Cabin at Wildflower Woods
After the Limberlost Swamp was drained and its natural resources developed for commercial purposes, Stratton-Porter sought alternate locations for inspiration. She initially purchased a small home on the north side of Sylvan Lake, near Rome City, in Noble County, Indiana, as a summer home while she looked for property to build a new residence. In 1912 she purchased lakeside property using her own funds and designed and had a new home built there in 1913. Stratton-Porter named her new home the Cabin at Wildflower Woods, which she also called Limberlost Cabin because of its similarity to the Porters' home in Geneva. While her Sylvan Lake home was under construction, Stratton-Porter found time to write Laddie, her sixth novel. She moved into the large, two-story, cedar-log cabin in February 1914; her husband, Charles, who remained at their home in Geneva, commuted to the lakeside property on weekends.Stratton-Porter assisted in developing the grounds of Wildflower Woods into her private wildlife sanctuary. Its natural setting provided her with the privacy she desired, at least initially; however, her fame attracted too many unwanted visitors and trespassers. The property's increasing lack of privacy was one of the reasons that caused her move to California in 1919. Stratton-Porter offered to sell her property to the State of Indiana in 1923 to establish a state nature preserve, but representatives of the state government did not respond. She retained ownership of Wildflower Woods for the remainder of her life. Scenes from a movie based on Stratton-Porter's book, The Harvester, were filmed there in 1927.
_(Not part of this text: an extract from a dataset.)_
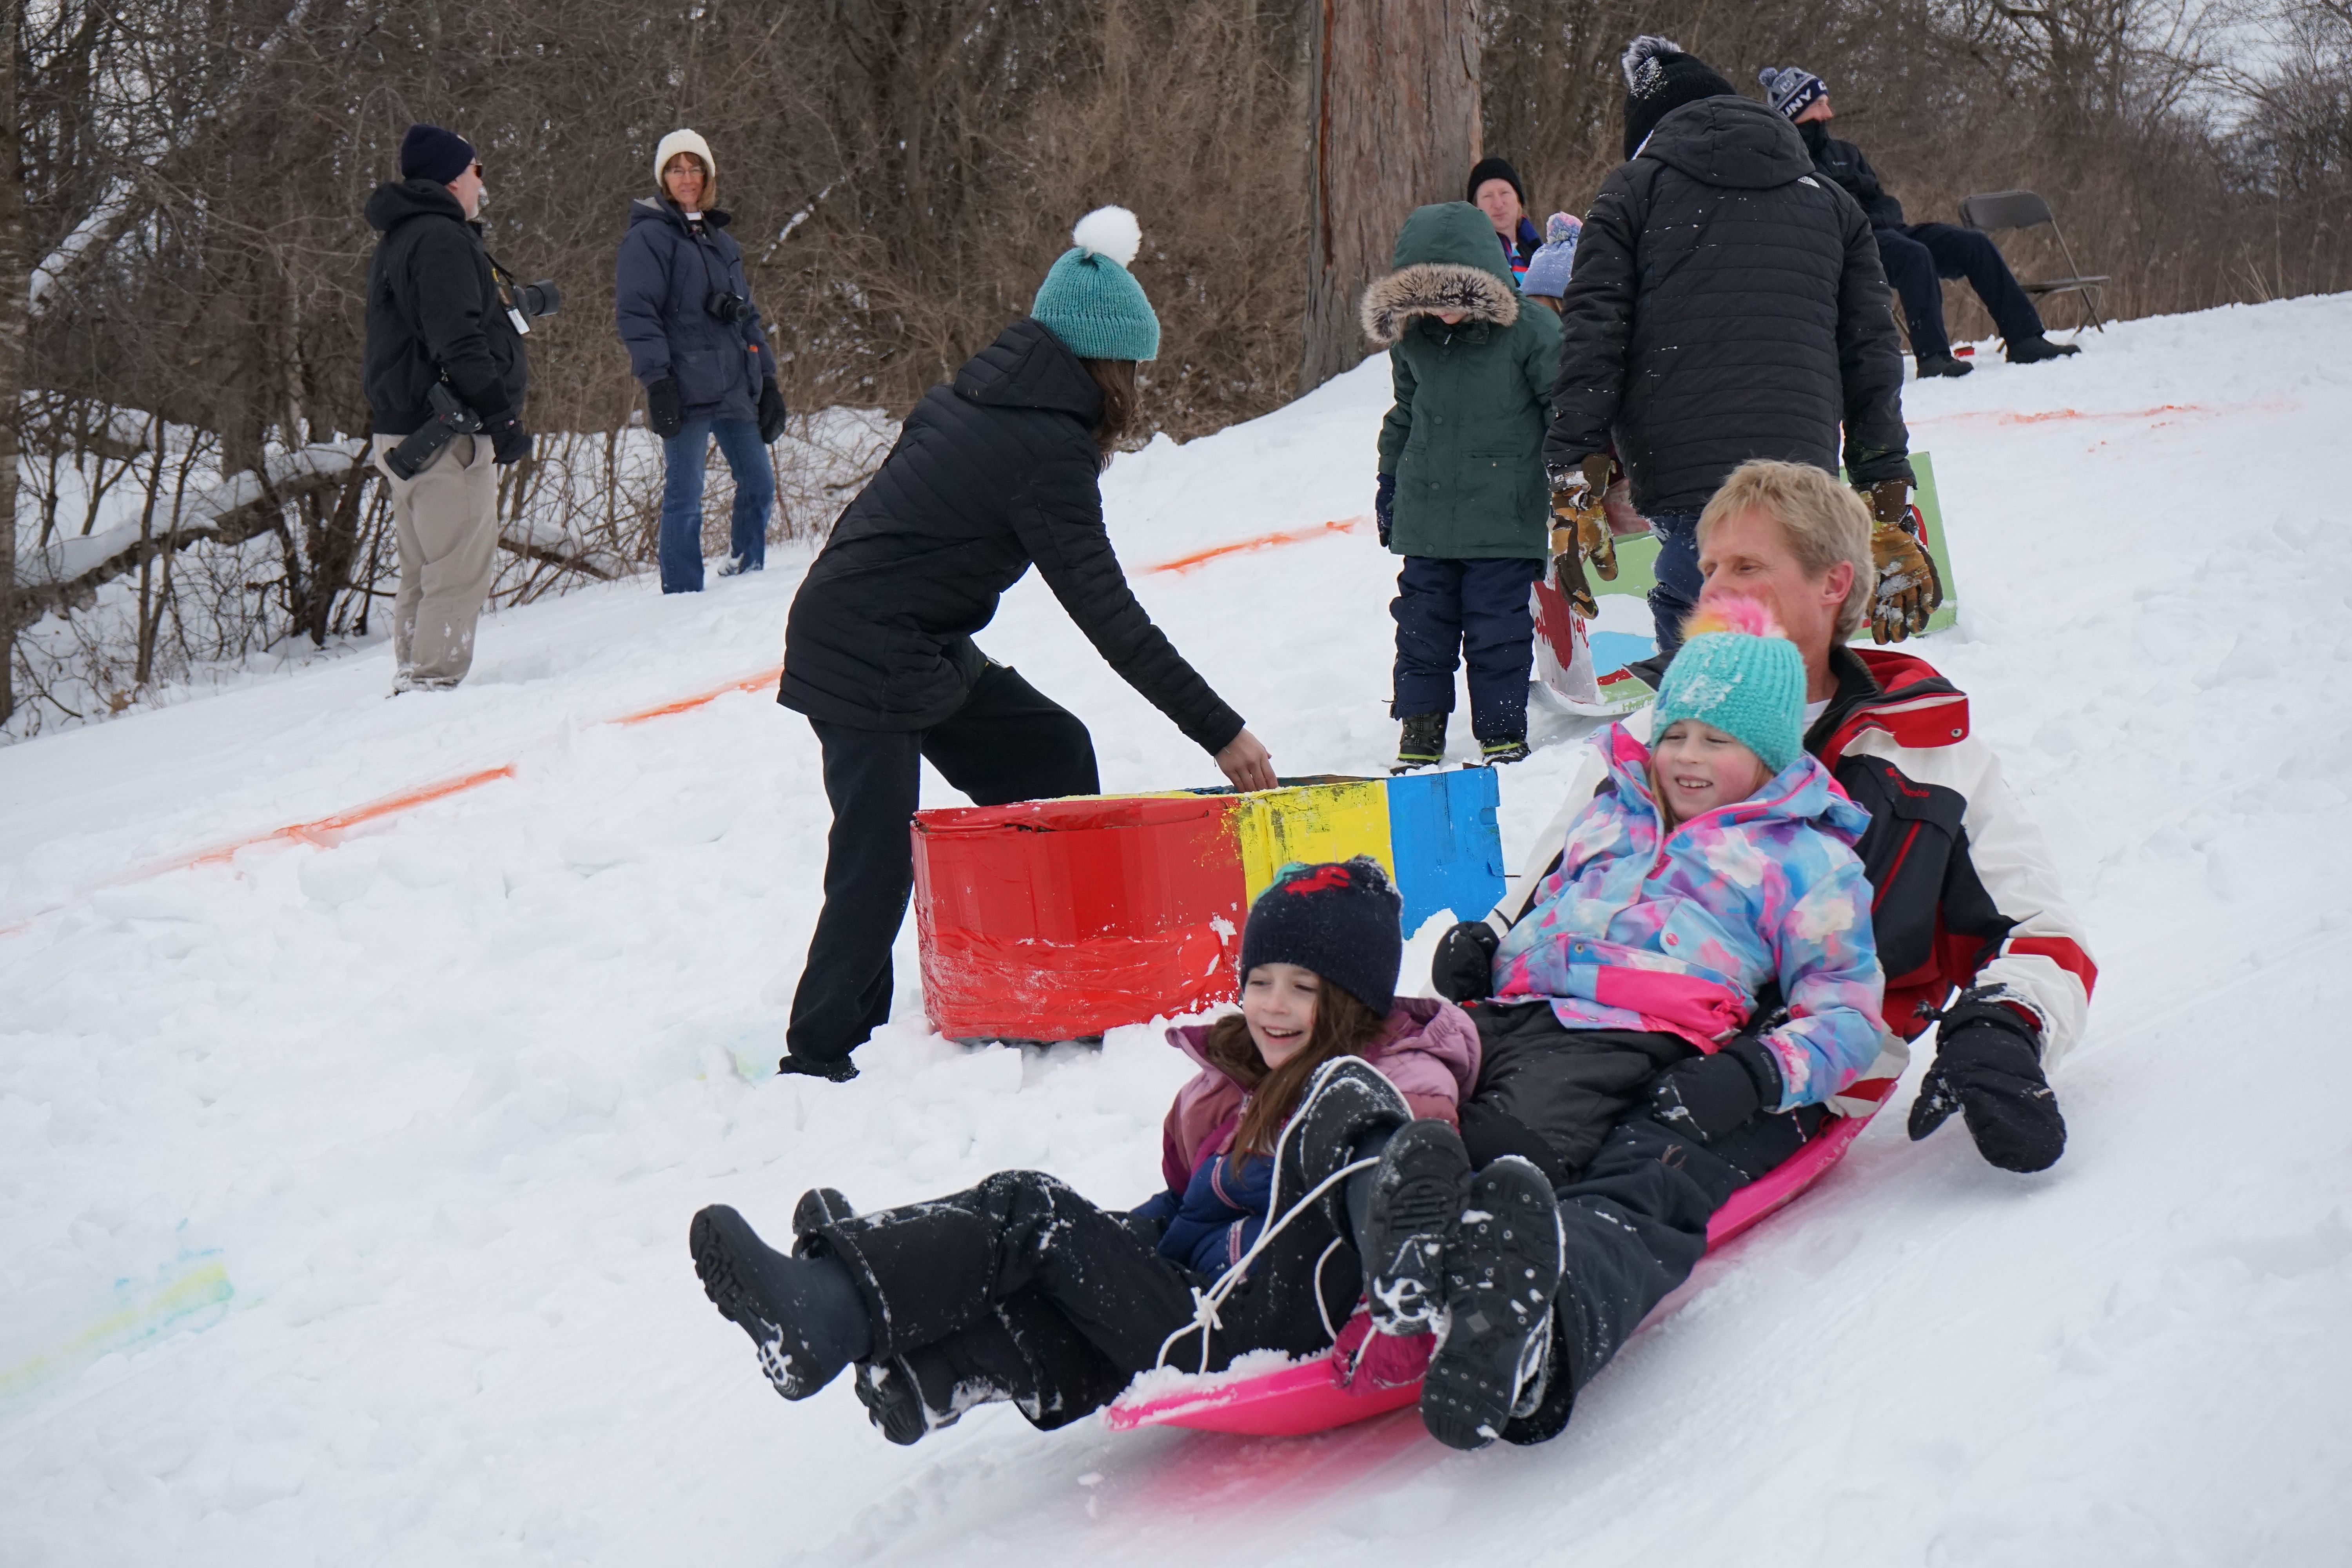 Children sledding in the snow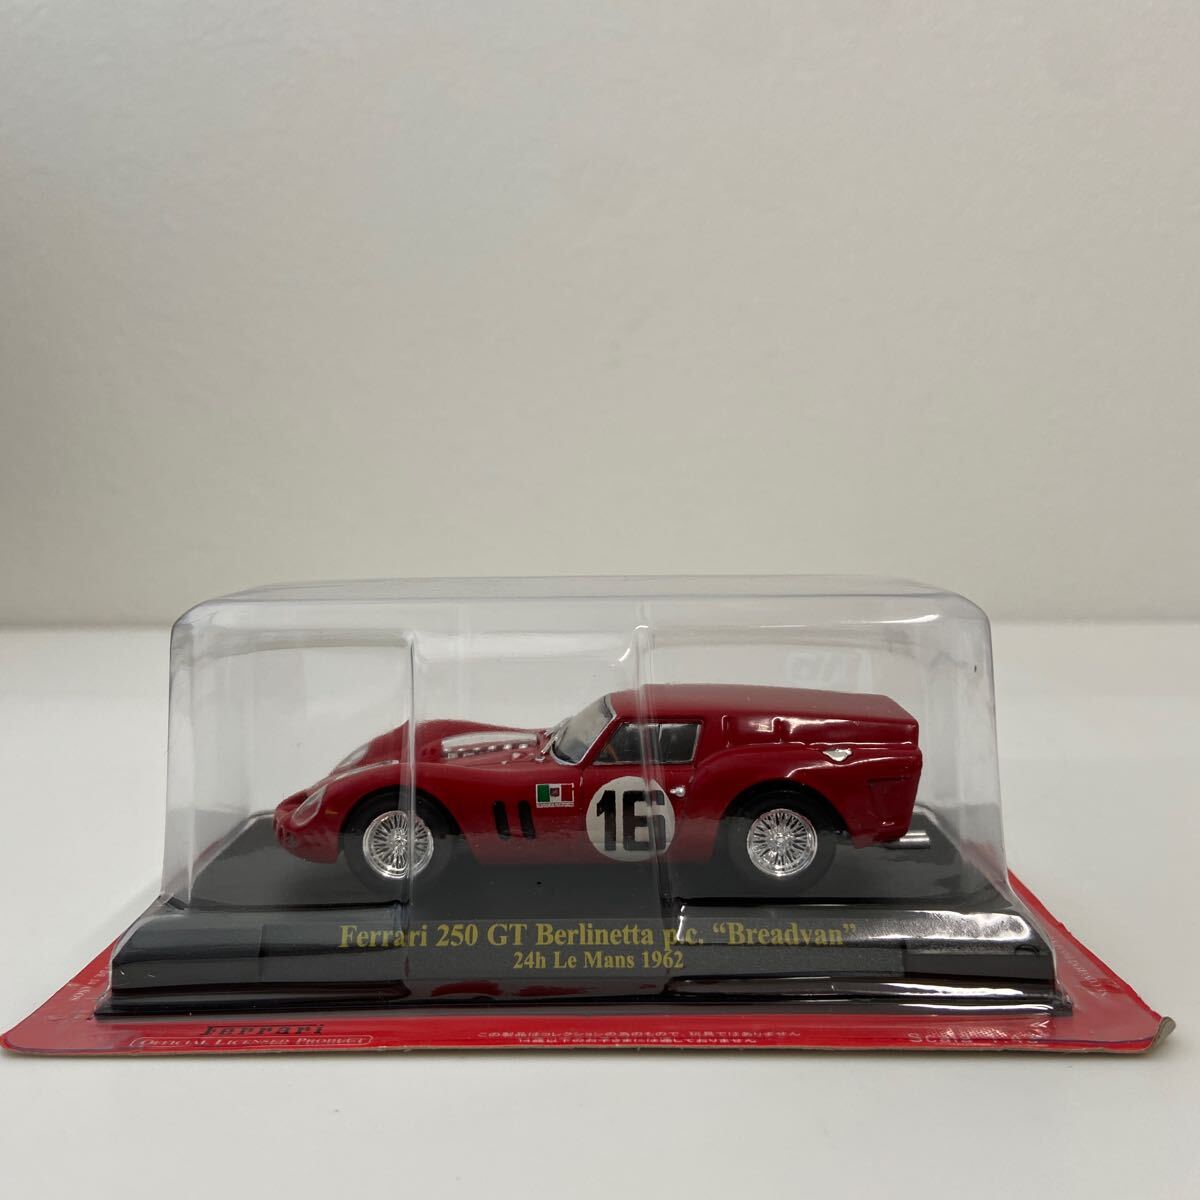 アシェット 公式フェラーリF1コレクション 1/43 Ferrari 250GT #16 ルマン24時間レース ベルリネッタ Breadvan p.c. LM ミニカー _画像2

In 1940 the Gene Stratton-Porter Association purchased Wildflower Woods from Stratton-Porter's daughter, Jeannette Porter Meehan; in 1946 the association donated the property to the State of Indiana, including the cabin, its formal gardens, orchard, and pond. Designated as the Gene Stratton-Porter State Historic Site, the present-day property, including that were part of her original purchase, is operated by the Indiana State Museum and Historic Sites and open to the public. The property was listed on the National Register of Historic Places in 1974. In addition to the cabin, guests can explore a one-acre formal garden, wooded paths, and a wetland and prairie that is undergoing restoration. The Gene Stratton-Porter State Historic Site is supported by the Gene Stratton-Porter Memorial Society, Inc.